I used two approaches.

  1. Array jobs
  2. MPI

Array jobs

Using the SLURM --array and passing a list of files to use for each job, I was able to distribute the binning jobs to different nodes. Check out the metacoag.slurm file for further details.

MPI

This was the challenging part. Rather than rewriting my code to distribute chunks of one dataset, I decided to distribute one dataset per node using MPI, do the binning, gather the results and do some statistics.

Setting up MPI

Make sure you have a working MPI implementation like MPICH or OpenMPI.

Setting up mpi4py

As my code was in python, I used the MPI python interface mpi4py which you can install as explained here. Make sure to match the compatible mpi4py version to the MPI version you have. I highly recommend staying away from prebuilt version and building from source.

Setting up metacoag

I downloaded the source code of MetaCoAG from GitHub and installed it using pip locally.

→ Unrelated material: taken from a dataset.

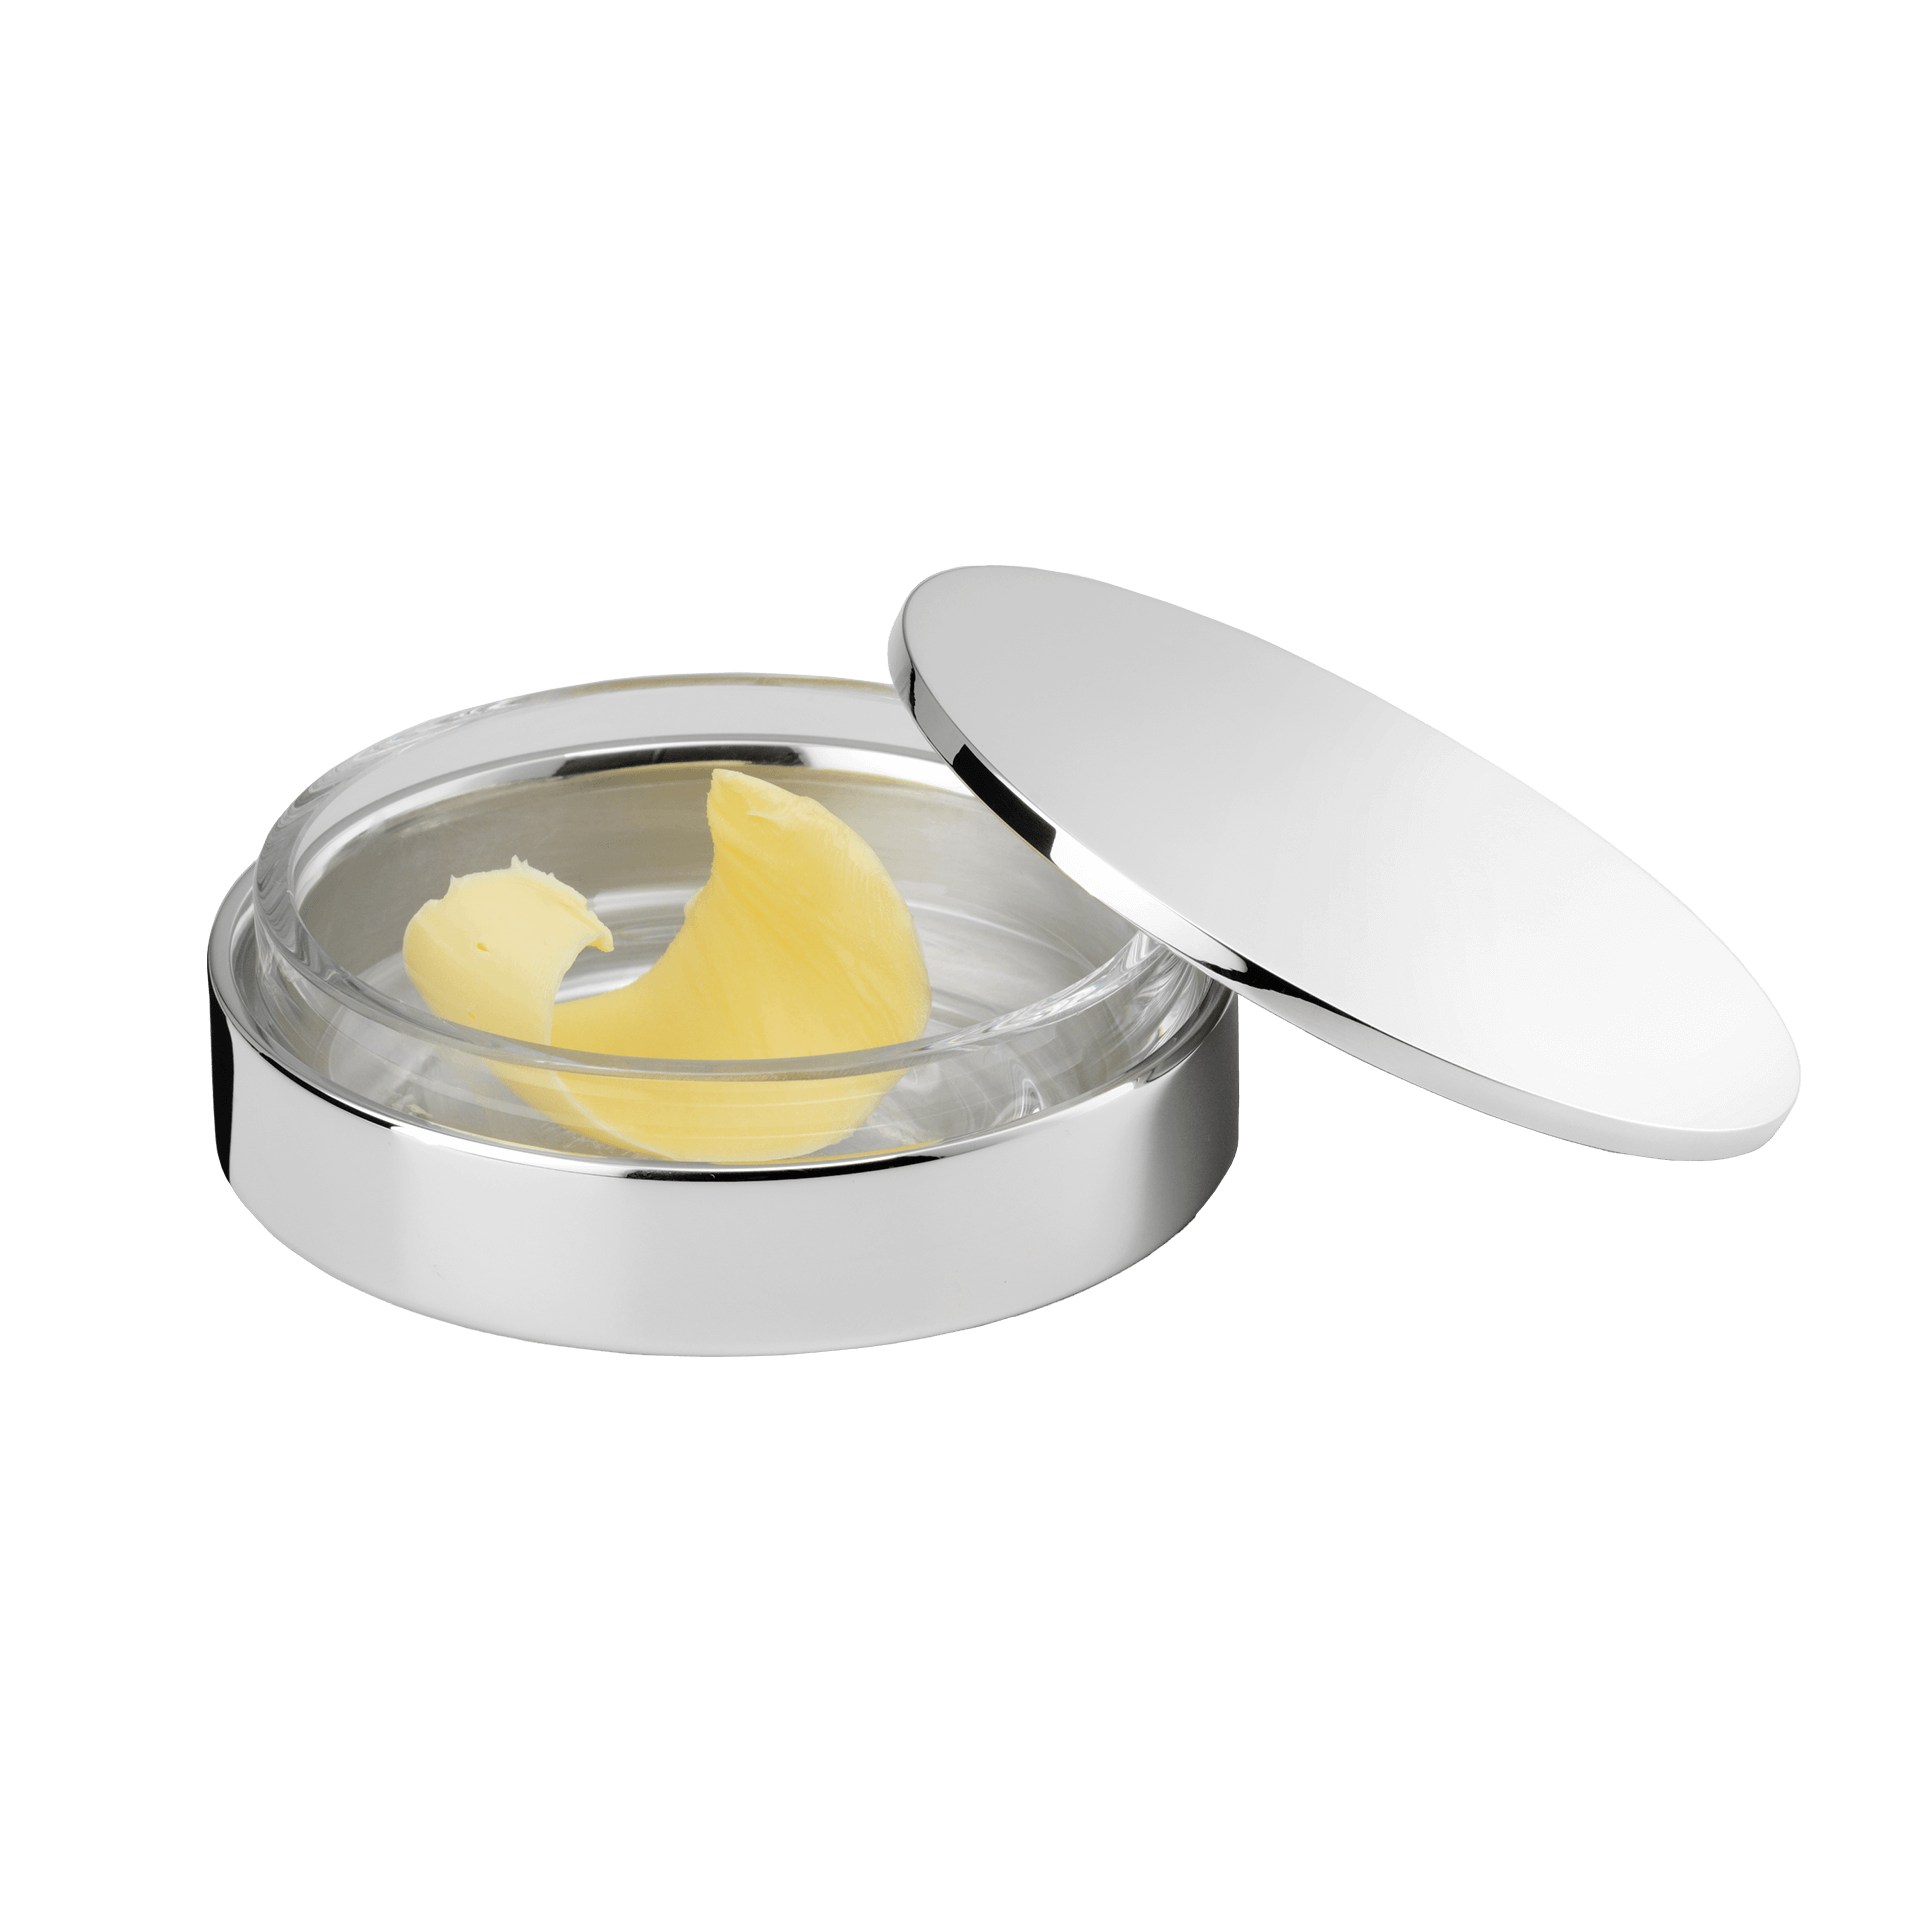 Butter dish with lid and glass insert (90g silverplated)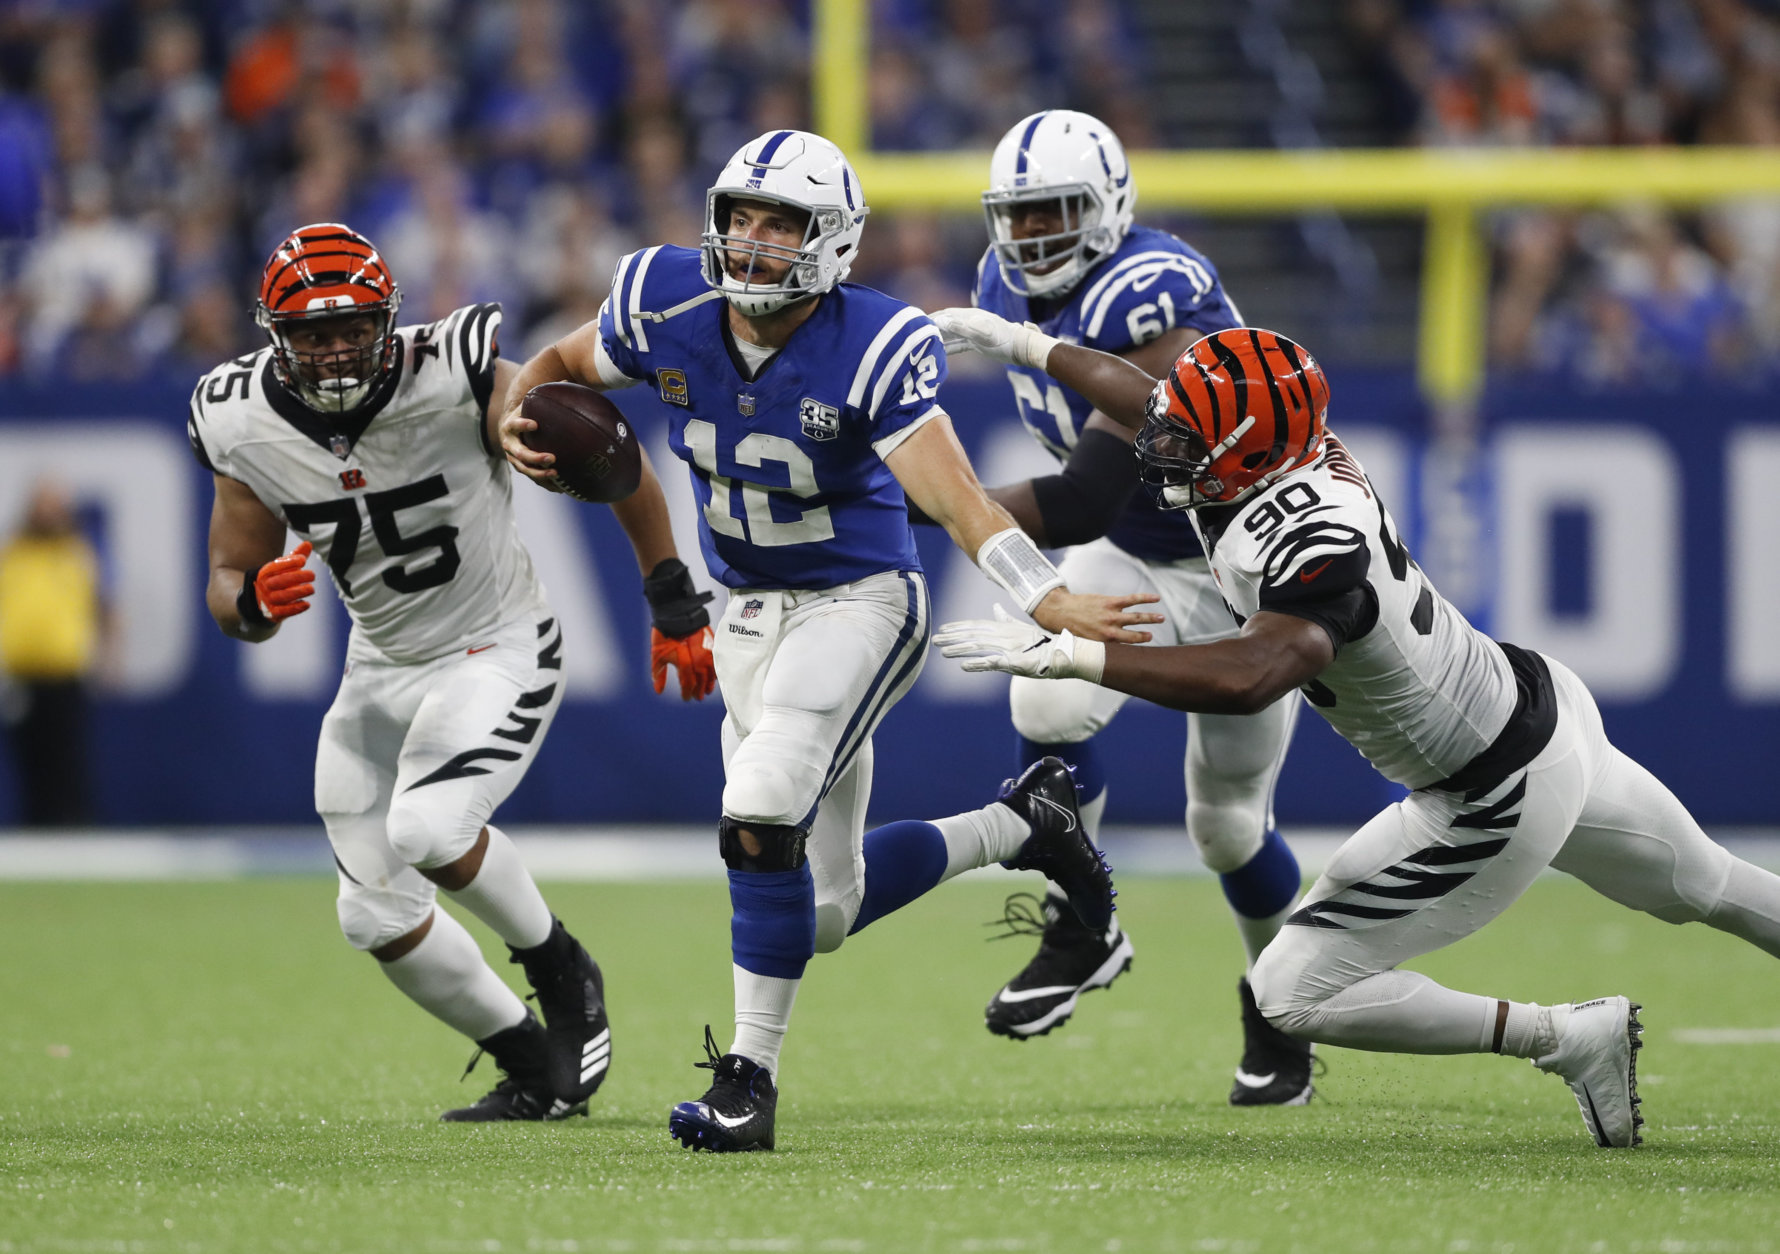 Indianapolis Colts quarterback Andrew Luck (12) is chased by Cincinnati Bengals defensive end Jordan Willis (75) and defensive end Michael Johnson (90) during the second half of an NFL football game in Indianapolis, Sunday, Sept. 9, 2018. The Bengals defeated the Colts 34-23. (AP Photo/Jeff Roberson)

git clone https://github.com/Vini2/MetaCoAG.git
cd MetaCoAG/
pip install -e .

The basic idea

from mpi4py import MPI

def run_metacoag(folder_name, rank):
  # bin dataset
  # get nbins
  return nbins

if __name__ == "__main__":
    comm = MPI.COMM_WORLD
    rank = comm.Get_rank()
    size = comm.Get_size()

    if rank == 0:
        # List of input folders
        input_folders = ["/path/to/test_dataset_1", 
                         "/path/to/test_dataset_2"]

        # Scatter the folders
        for i in range(1, size):
            comm.send(input_folders[i], dest=i)

    # Receive the folder
    if rank == 0:
        received_data = input_folders[0]
    else:
        received_data = comm.recv(source=0)

    # Process the received folder
    results = run_metacoag(received_data, rank)

    # Gather the number of bins from all processes
    all_results = comm.gather(results, root=0)


    if rank == 0:

        # Process the gathered results
        final_result = sum(all_results)
        print("Total number of bins produced:", final_result)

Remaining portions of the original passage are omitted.